Deze tweedeling komt voor uit de behoefte van het individu
- Taakgerichte groepen = deze groepen komen vooral aan onze rationele behoefte
tegemoet taakgroepen, werkgroepen, groepen in arbeidssituatie
- Sociaal-emotionele groepen = deze groepen komen vooral tegemoet aan onze
sociaal-emotionele behoeften Gezin, vriendengroep.
Er is ook een tweedeling die voortkomt vanuit de maatschappij: primaire en secundaire
groepen.
- Primaire groepen = deze groepen worden gekenmerkt door persoonlijke en intieme
relaties in directe contactsituaties
- Secundaire groepen = deze groepen worden gekenmerkt door koele, onpersoonlijke,
rationele en formele relaties.
Een groep is nooit bij elkaar geraapt, er is altijd een gemeenschappelijke factor.

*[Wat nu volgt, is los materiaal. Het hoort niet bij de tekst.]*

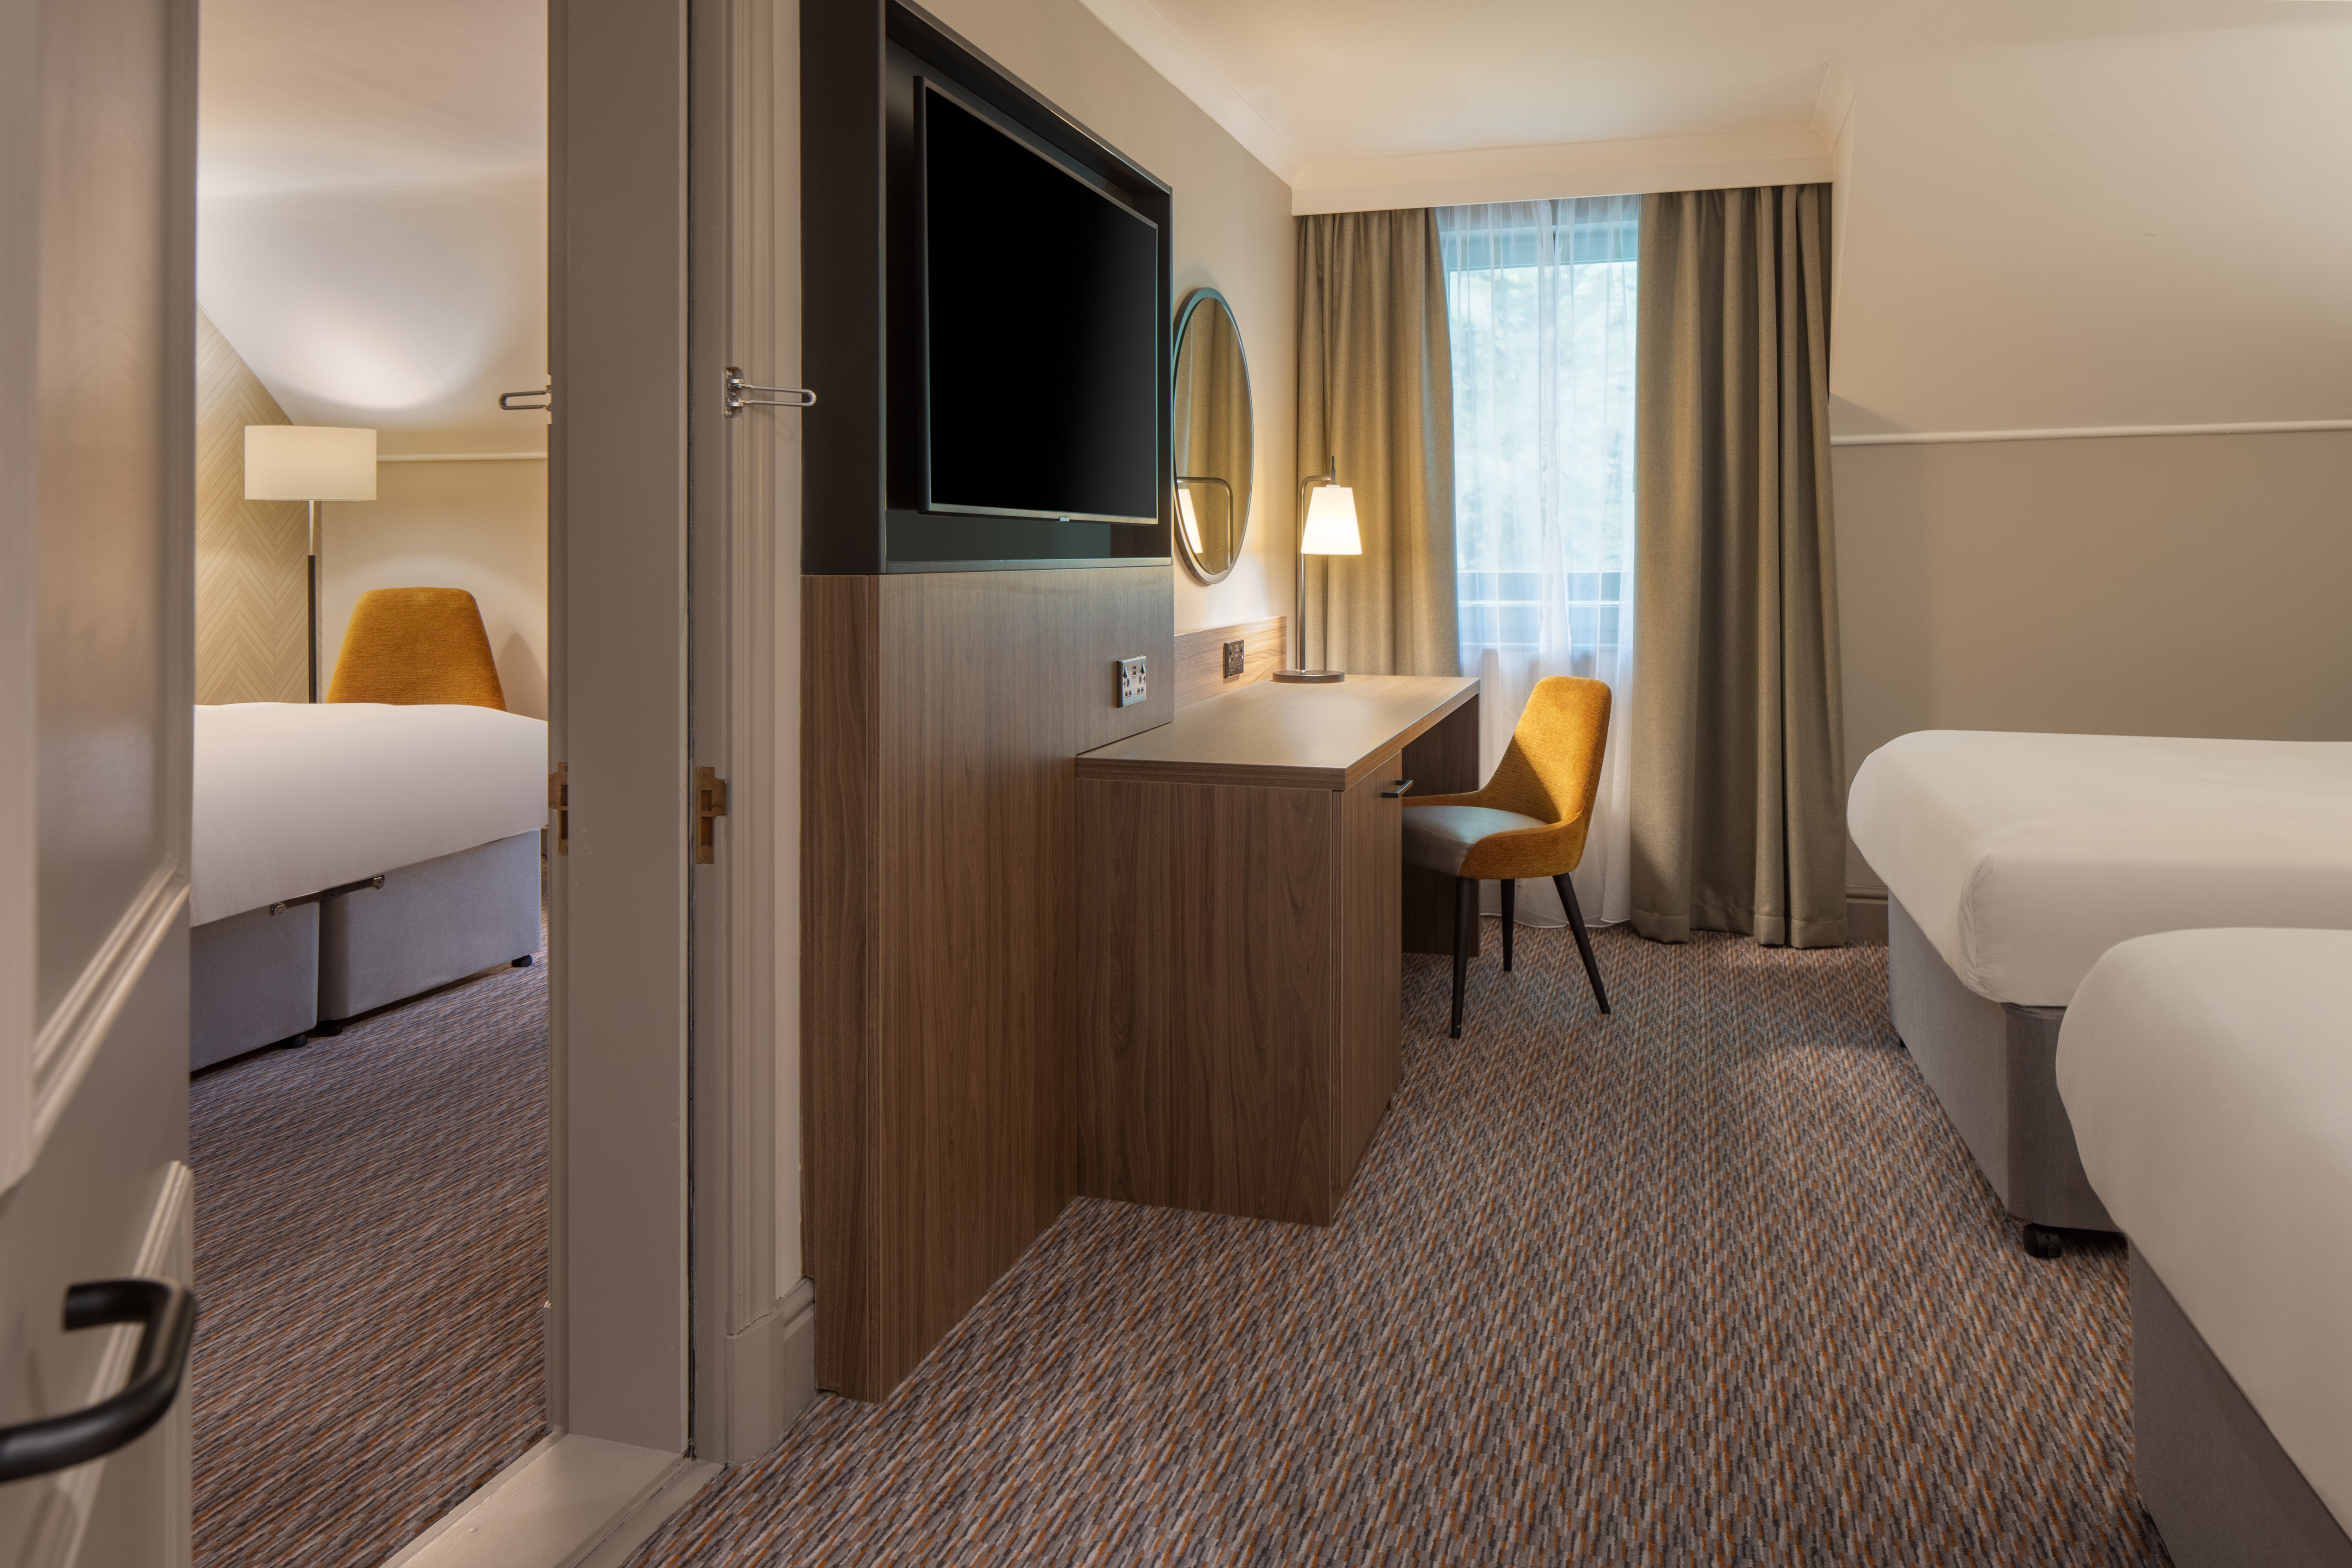 connection between guest rooms

We zoeken
in groepen steun, kracht, veiligheid, saamhorigheid, gezamenlijk doel en we willen ergens
bij horen. Elke groep heeft zijn eigen groepscode, deze zijn belangrijk als je deelneemt aan
de groep.
Hoofdstuk 2
Er is dus een verschil tussen twee soorten groepen: taakgerichte- en sociaal-emotionele
groepen. Ditzelfde onderscheid herhaalt zich ook binnen elke groep.